Она оставалась там часами, созерцая реку, ведя свою память волоком против течения — воды, времени, истории. Оставалась там, пока не обращала вспять ток воды, времени и истории, подобно тому как река Тонлесап[2]в период паводка вдруг поворачивает обратно и изливает свои вздувшиеся от муссона воды в большие озера на севере, затопив поля и леса. «Тек тек тири тири ти…» Она плыла вверх по течению дней, возвращалась к своим минувшим вчера, к своему утраченному счастью. Возвращалась к своей юности, тонула в своей легенде. До заката сидела, затаившись в прибрежных зарослях, опершись подбородком о колени, напрягая взгляд. «Зек зек зек зек зек…» Напрягая взгляд до предела, до тех пор, пока не вздымались вокруг большие озерные леса и не долетали тамошние песни.
Ее называли лгуньей и выдумщицей. Людям не нравились ее показные замашки знатной дамы, чужеземные повадки, взгляд изгнанницы, странный птичий щебет. Сомневались насчет ее имени, судачили о ее прошлом, потешались над нелепыми нарядами и слишком белой, словно размоченный в молоке хлебный мякиш, кожей. Порой ее охватывала сильнейшая лихорадка. Тогда-то она и запиралась в своем доме, закрыв все ставни. Ее лихорадкой была испарина памяти. Она говорила, что больна. Но все считали, что она больше придуряется, и не замедлили приделать к фамилии чужачки насмешливое прозвище, подвергавшее сомнению ее спесивые претензии, — Макакой Футынуты звали ее в округе.
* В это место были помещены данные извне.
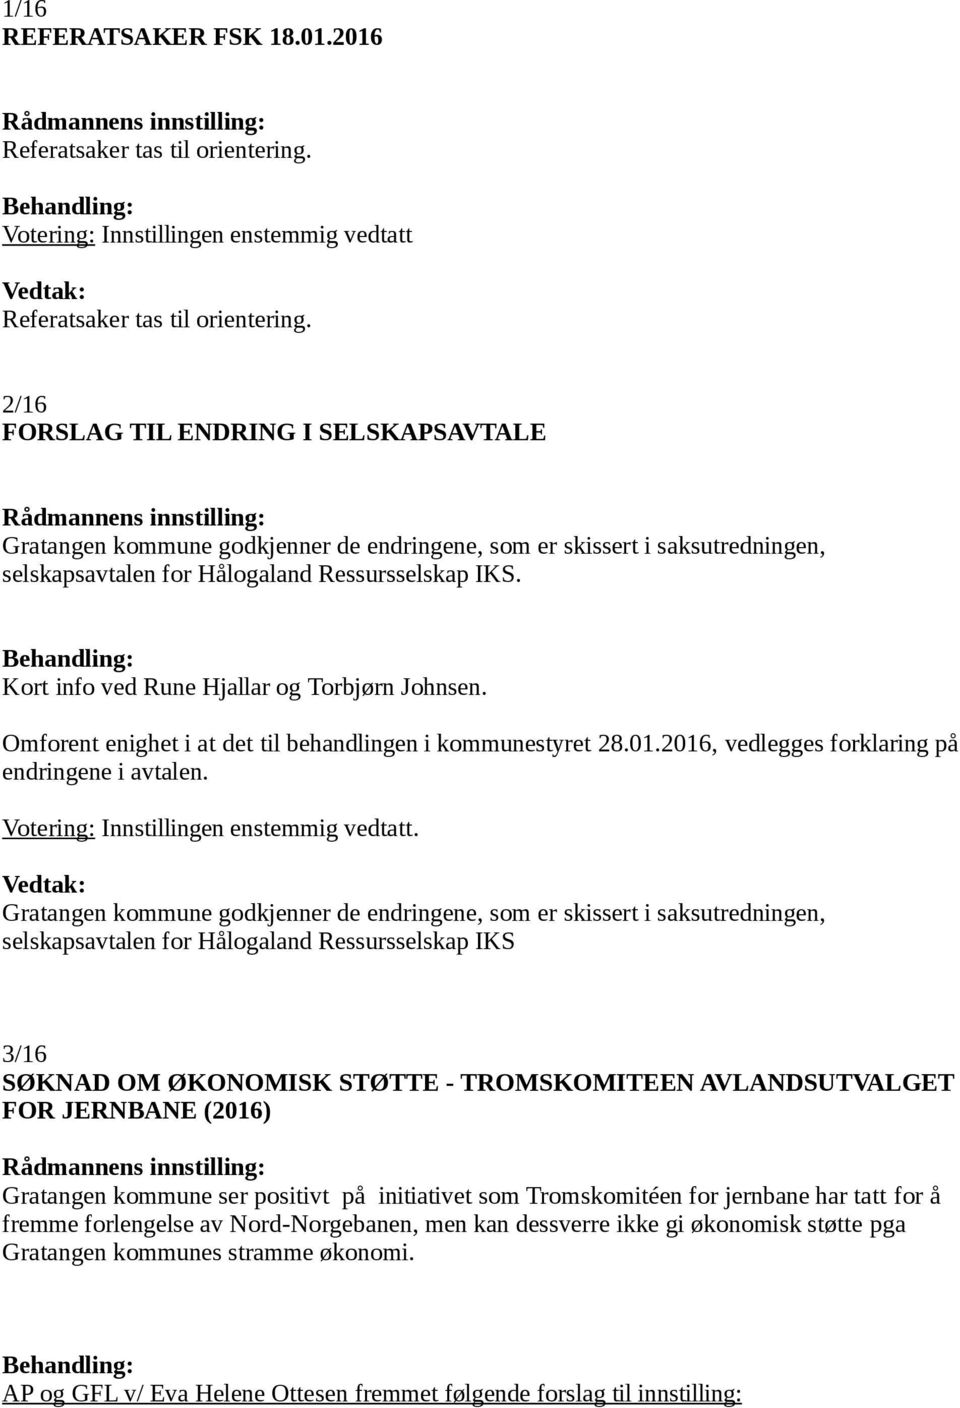 Kort info ved Rune Hjallar og Torbjørn Johnsen. Omforent enighet i at det til behandlingen i kommunestyret 28.01.2016, vedlegges forklaring på endringene i avtalen.

Но ее ничуть не заботили пересуды и насмешки, мишенью которых она была; все эти люди с окрестных хуторов, из Монлеруа и прочих местечек, напоминали ей гроздья обезьян, пронзительно вопящих в чаще темных лесов — крикливое убожество.
Леса без света, без воздуха и тропинок. Леса ее памяти. Непроходимые, удушливые. Однако какая-то ее часть затерялась там. Какая-то ее часть осталась там, опутанная лианами и гигантскими папоротниками, в стрекоте насекомых, в шорохе испарений, в хриплом крике диких павлинов. Какая-то ее часть беспрестанно возвращалась туда, вновь разжигать костры у подножия этих гигантских деревьев, погребенных подо мхом и травой. «Уоид уоид уоид…» Ее память все тянула вполголоса свою монотонную песню, ловила в потемках прошлого, в спертом воздухе забвения беглый промельк какого-то потерянного образа, какого-то былого ощущения. Иногда это случалось, молниеносной вспышкой, искрой, похожей на тех изящных, с просвечивающей кожей ящерок, что бегают зигзагами по стенам. Зек зек зеррр… Подстерегавшая добычу память бросалась прямо на образ, хватала ящерку — и удерживала от нее лишь тоненький, тотчас же засыхавший хвостик, а образы снова разбегались. «Уоид уоид уоид…» — опять заводила ее обезумевшая, упрямая память.
Что касается Золотой Ночи-Волчьей Пасти, то ему неважно было, кто такая на самом деле эта женщина, рядом с которой он в конце концов оказался. Она могла зваться как ей самой или другим угодно — Маго де Фульк, Румье или Макака Футынуты, ему на это было плевать. Пусть колесит по извилистым дорогам своей больной памяти, пусть придумывает себе любые имена и тысячу фальшивых заслуг впридачу, пусть фантазирует о своем прошлом — его это не касалось. У него самого больше не было памяти. Он выблевал ее в лесу Мертвого Эха, в конце войны. Жидкая каша из красных семян вперемешку с потом и слезами. Каша из крысомора — он отравил свою память. Он умер для своей памяти, умер от избытка памяти. Памяти, изуродованной его болью, навсегда опустошенной зловещим именем: Заксенхаузен.[3]Ему пришлось убить свою память, которую черная алхимия истории превратила в чудовищного зверя, уподобила тем гигантским крысам, что в былые времена наплодили зачумленные города, — она изгрызла ему сердце.